Точка зрения самого Лузина по дискутируемым проблемам была не однозначной. Чаще всего он стоял на позиции Бореля (существование счетных множеств). К понятию же несчетной бесконечности относился как к «чисто отрицательному, не имеющему никакой объективной реальности» (цит. по [4], с. 142). Иногда же он склонялся даже к позиции Бэра, утверждая, что мы не имеем достаточно ясной концепции актуальной бесконечности. «Фундаментальная проблема состоит в том, чтобы выяснить, является ли последовательность целых положительных чисел вполне объективной. Кажется, что она почти объективна и что имеются следы несомненной субъективности, такой, что нельзя говорить о последовательности целых положительных чисел всегда, во всех случаях, в одном и том же смысле» (цит. по [4], с. 142).
Постараемся взглянуть на указанный квинтет «демонов от математики» с несколько другой позиции.
Какой аналог мы можем поставить демону Брауэра? На мой взгляд, лучшим примером может служить обычный современный цифровой компьютер. На самом деле, он, во-первых, состоит их ограниченного набора элементов, а, во-вторых, работа с этими элементами производится так же дискретным образом.

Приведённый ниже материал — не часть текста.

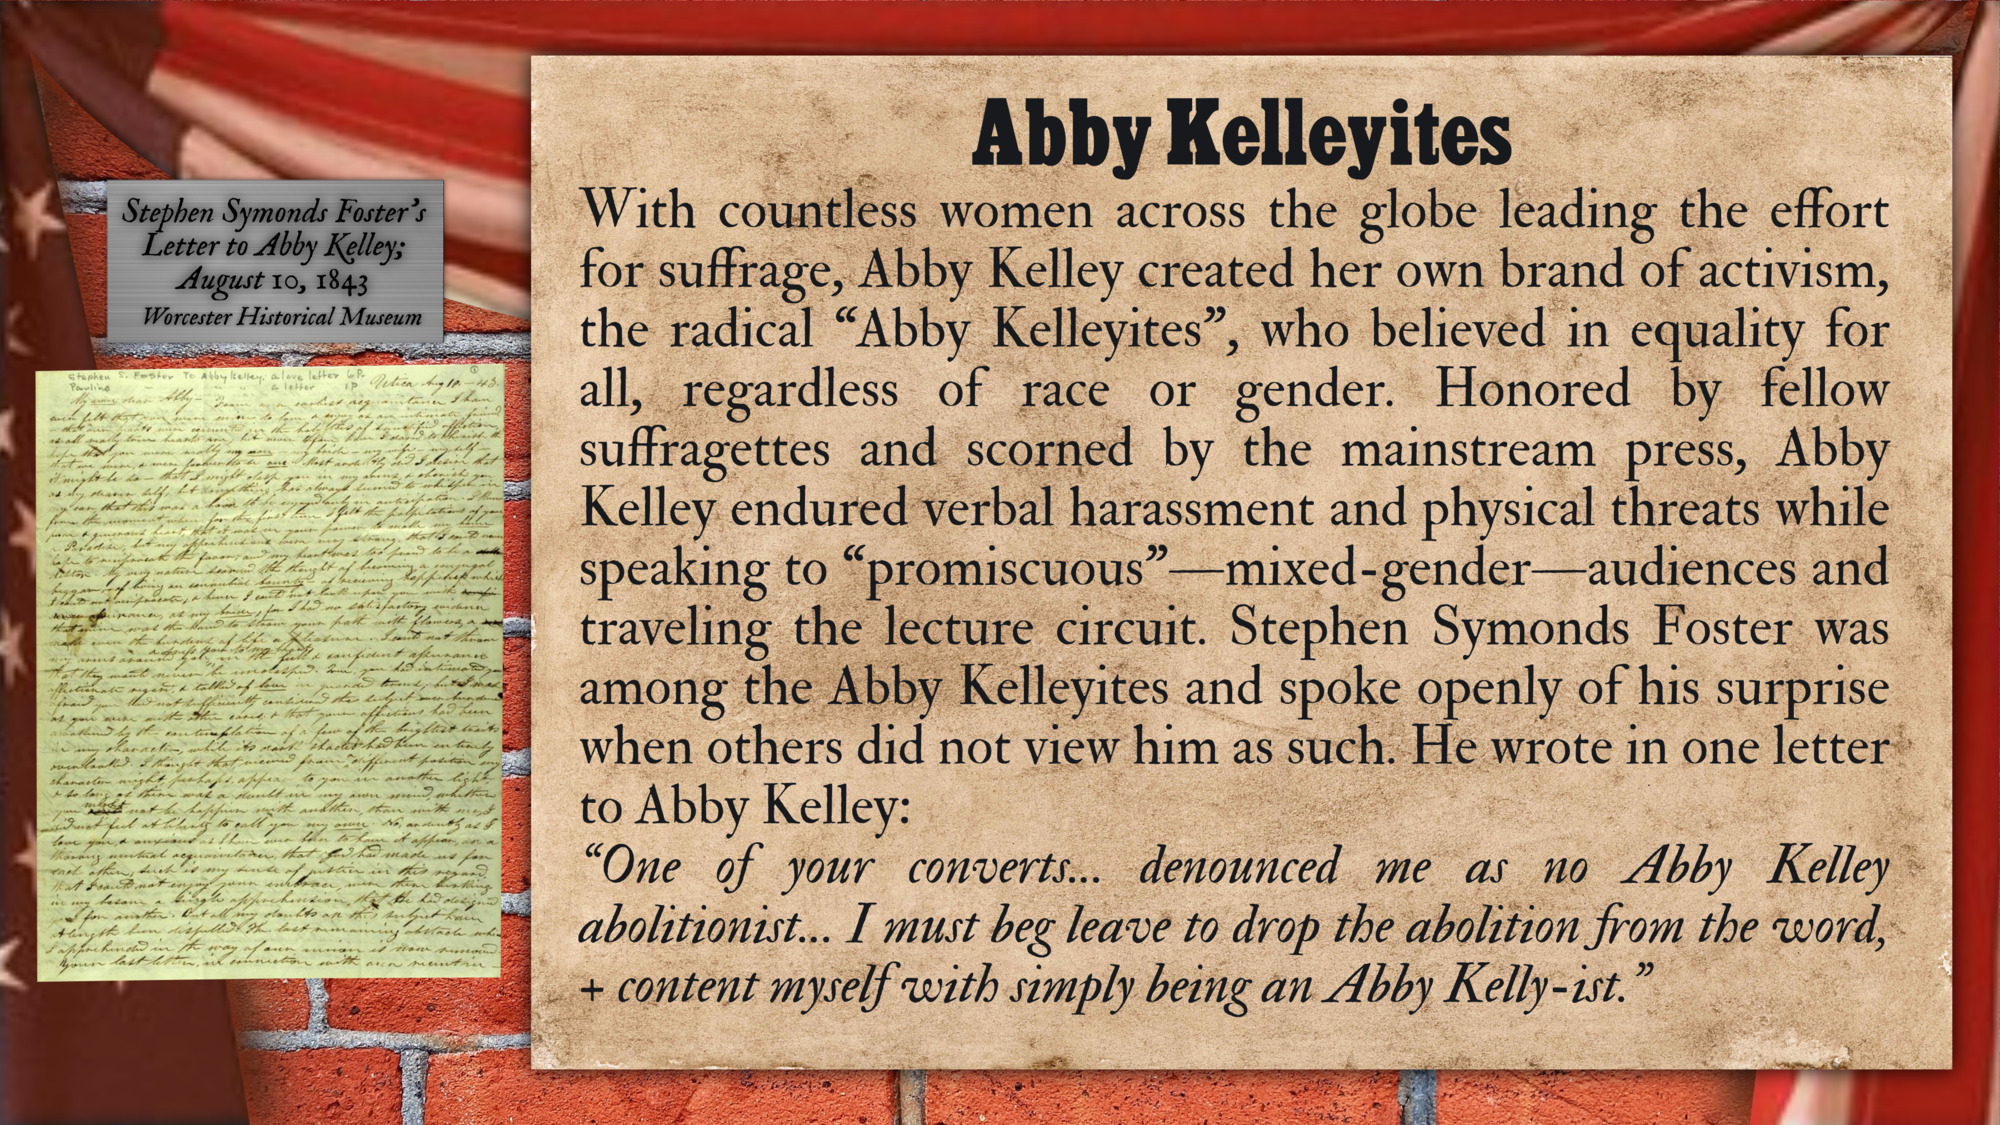 Abby Kelley Foster - Women's Rights National Historical Park (U.S. National  Park Service)
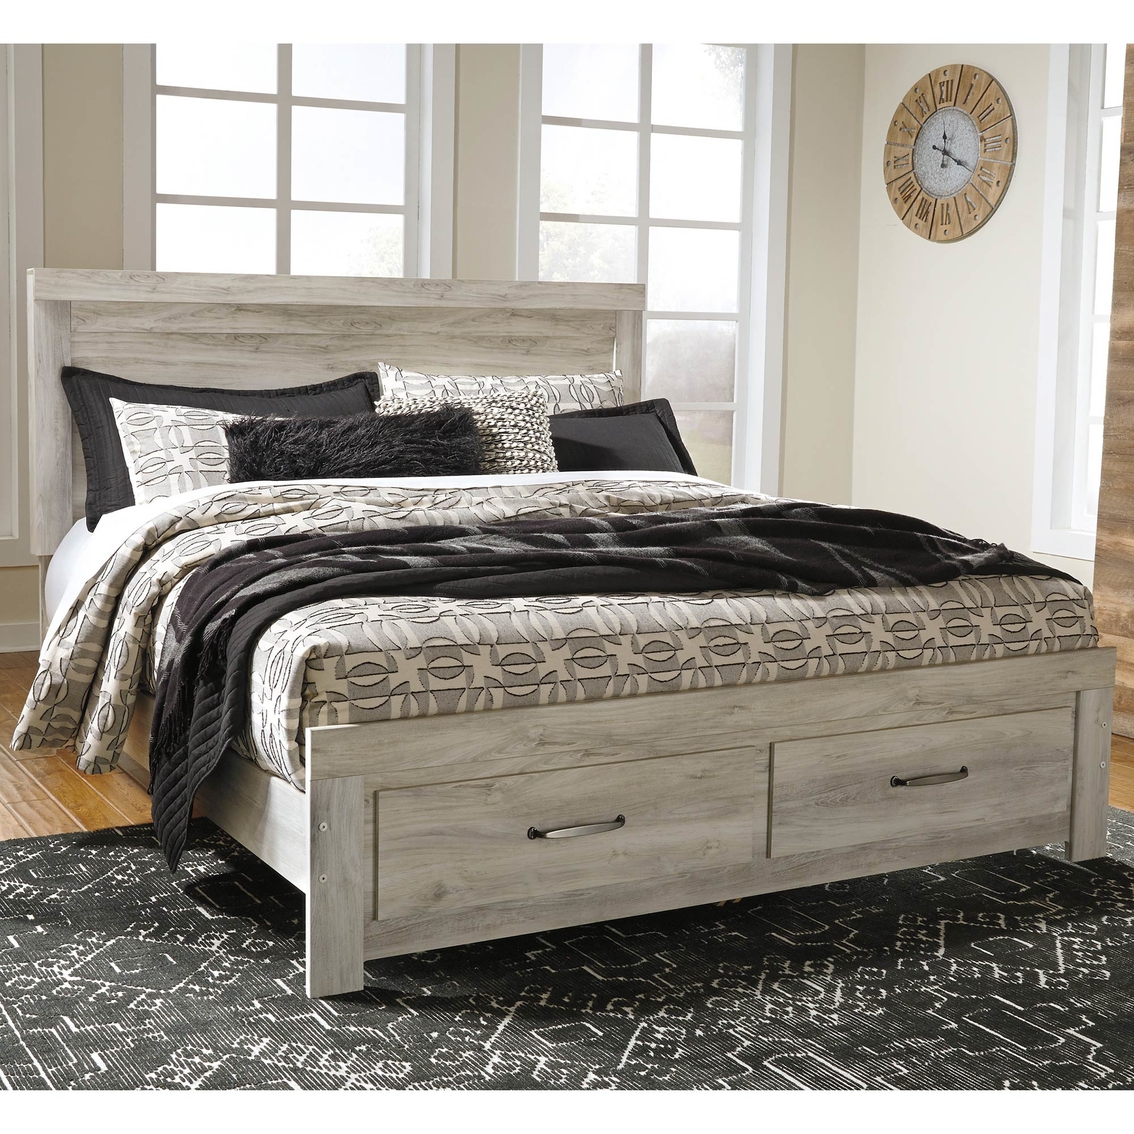 Signature Design by Ashley Bellaby Storage Bed - Image 2 of 4

«Каждая программа для ЭВМ, будучи воплощением некоторого алгоритма, представляет собой конструктивный объект. Это свойство конструктивности проявляется двояко: с одной стороны, программа строится посредством определенного конечного множества операцией, а с другой, все объекты, которыми она манипулирует, также создаются посредством некоторого конечного множества операций. Программа может иметь дело с любым множеством объектов, даже с потенциально бесконечным, но в любой данный момент времени это множество конечно» ([7], с. 7).
Скорее всего, мы, воспринимая окружающий нас Мир, так же имеем дело в определенное мгновение (квант времени) с ограниченным набором категорий. Такой вывод напрашивается исходя хотя бы из того, что количество нейронов, нервных окончаний и любых клеток в нашем организме ограничено.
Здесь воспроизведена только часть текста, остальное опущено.